櫻井さん的にはここがバスケットボールになっているものが欲しいのだとか。これは見たことない!「左手は添えるだけ」の手をした置物、あったらいいな!!
身近なものを素直に題材としながらも、櫻井さんは表現したい世界観をしっかり持っていらっしゃいます。デジタル由来と勘違いしてしまう理由には6色に限られた色数を使用していることもあげられます。デジタルツールでは、CMYKなどの色の配合を数字で記録しておけば同じ色を再現できることから、同時進行で管理されるPC上のアプリケーションの作品と印象が重なります。今回の展示ではそのような意図ではなく、それぞれの作品が同じ世界に存在するということがわかるように、あらかじめ混色した6色を用意したそうです。全く同じ色は次回作からは出せません。

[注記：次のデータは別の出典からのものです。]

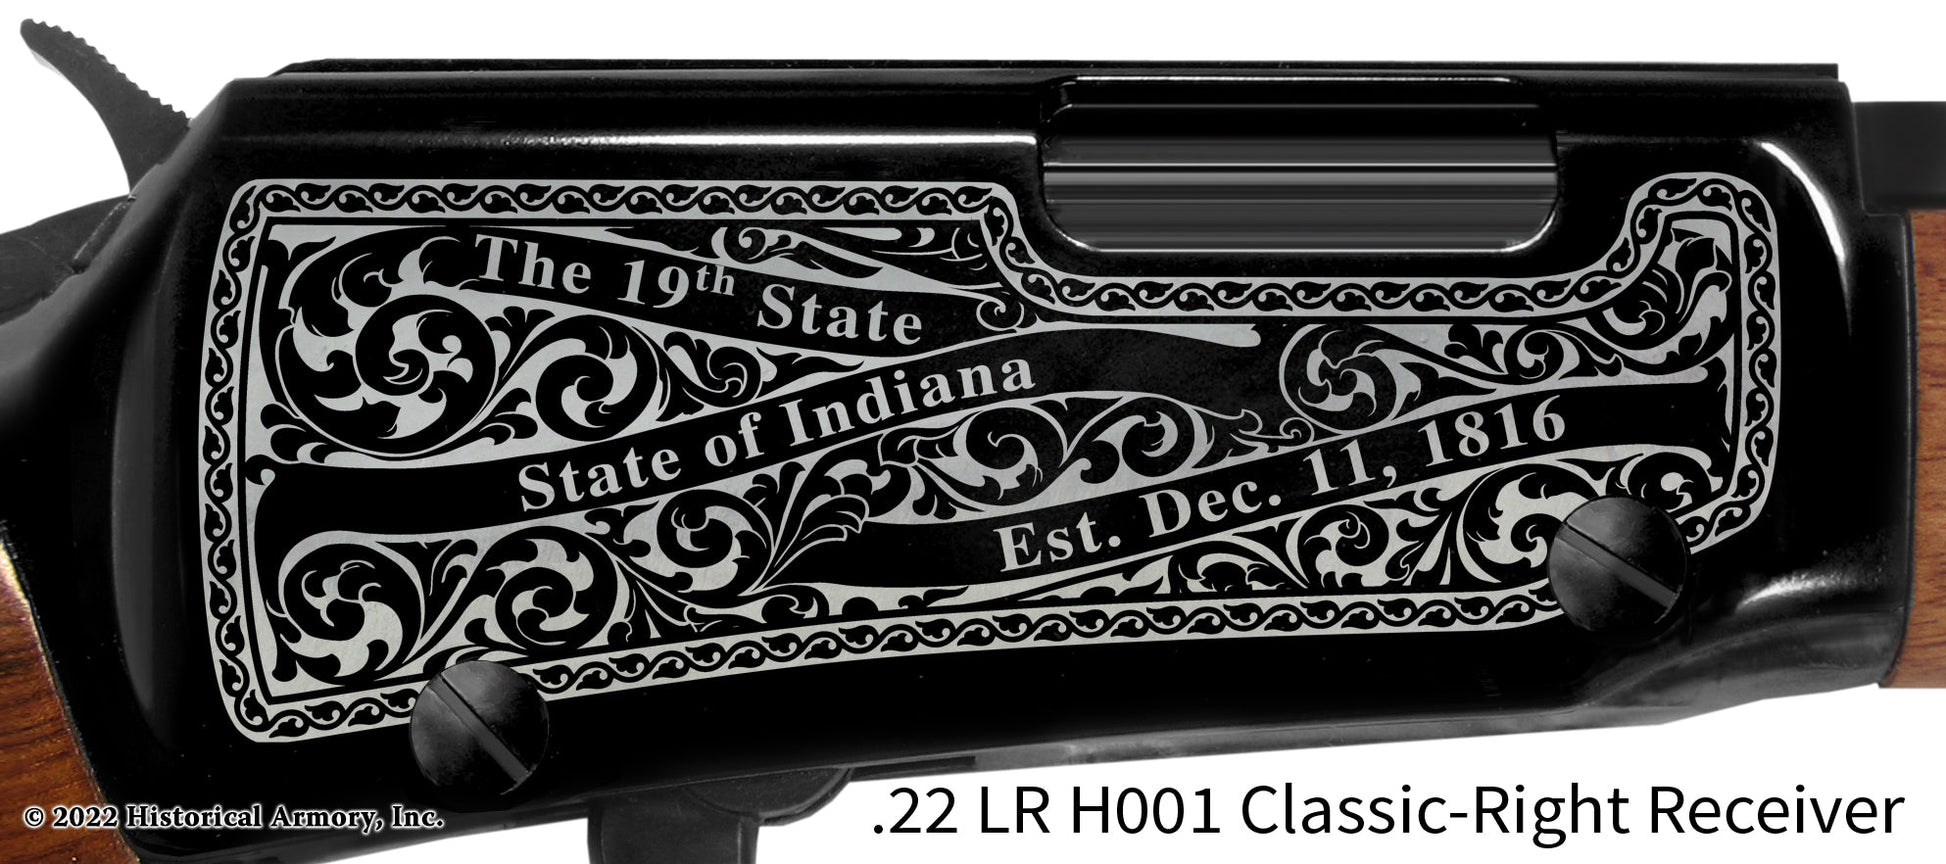 Orange County Indiana Engraved Henry H001 Rifle

また、冒頭、私自身の中にあるジェンダーの偏見を反省しておきながら、「絵の中に女性はいないんですか?」と質問してしまいました。本展のステートメントにもあるように、関係性、性別、国、距離感、年齢などの括りを取り払って、一緒にいて心地よい人と空間を共にすることの良さを表していると、櫻井さんは言います。
ここでやっと、ジェンダーを取り払うという文脈には、女性らしい人、男性らしい人の描写は必要ないんだ、と理解できました。人種、国籍、年齢などもそうです。だからこそこの登場人物たちです。自分のステレオタイプな考え方に驚かされます。櫻井さんは彼らを「主人公にも脇役にもなれなかった者たち」と言います。見た目から異質さを感じ取ってしまいますが、これは即ち私たち、広い宇宙のどこかにいそうな普通の人たちの集合写真です。聖人君子でもなく、隣の家のちょっとしたゴシップなども影で言っちゃうような、私たちそのものです。
昨今話題に上がる差別等の問題について、自分はどちらの立場なのか、自分の意見は何か、を明確にしなければならない、という緊張した心境になることがあります。もちろん、自分の意見を持ち、見てもいなかった問題を認識して、考えたり、意識すること自体が大切です。しかしその結果、あなたはあちら側、私はこちら側、となり、意見交換ではなくいがみあってしまってはまた新たな分断が生まれます。櫻井さんの作品には、より根源的な問題を明らかにするような、すべての偏見をリセットできる世界が描かれています。
難しい問題を取り上げているにもかかわらず、鑑賞時にはとてもリラックスした、楽しい気持ちになりました。WISH LESSの永井さんも交えて3人で、作品の中のこの子が好きとか、この子はこんな性格、など、想像やあるあるネタを混ぜ込みながら談笑した、そんな楽しさがあります。きっと櫻井さん自身が、何かの対象を責めたり非難するのでなく「こうだったらいい」「こういうのがいい」という素直な感覚で、鑑賞者を明るくさせる作品を制作しているのだと思います。理屈っぽいレビューを書いておいてこう言うのも何ですが、アートは観て楽しいのが一番です。コンセプトを考察して知的に楽しむもよし、観て直感で元気になるのもよし。押し付けがましくなく、さらりと大切なことに気づかせてくれる才能を、ぜひ観に行ってみてください。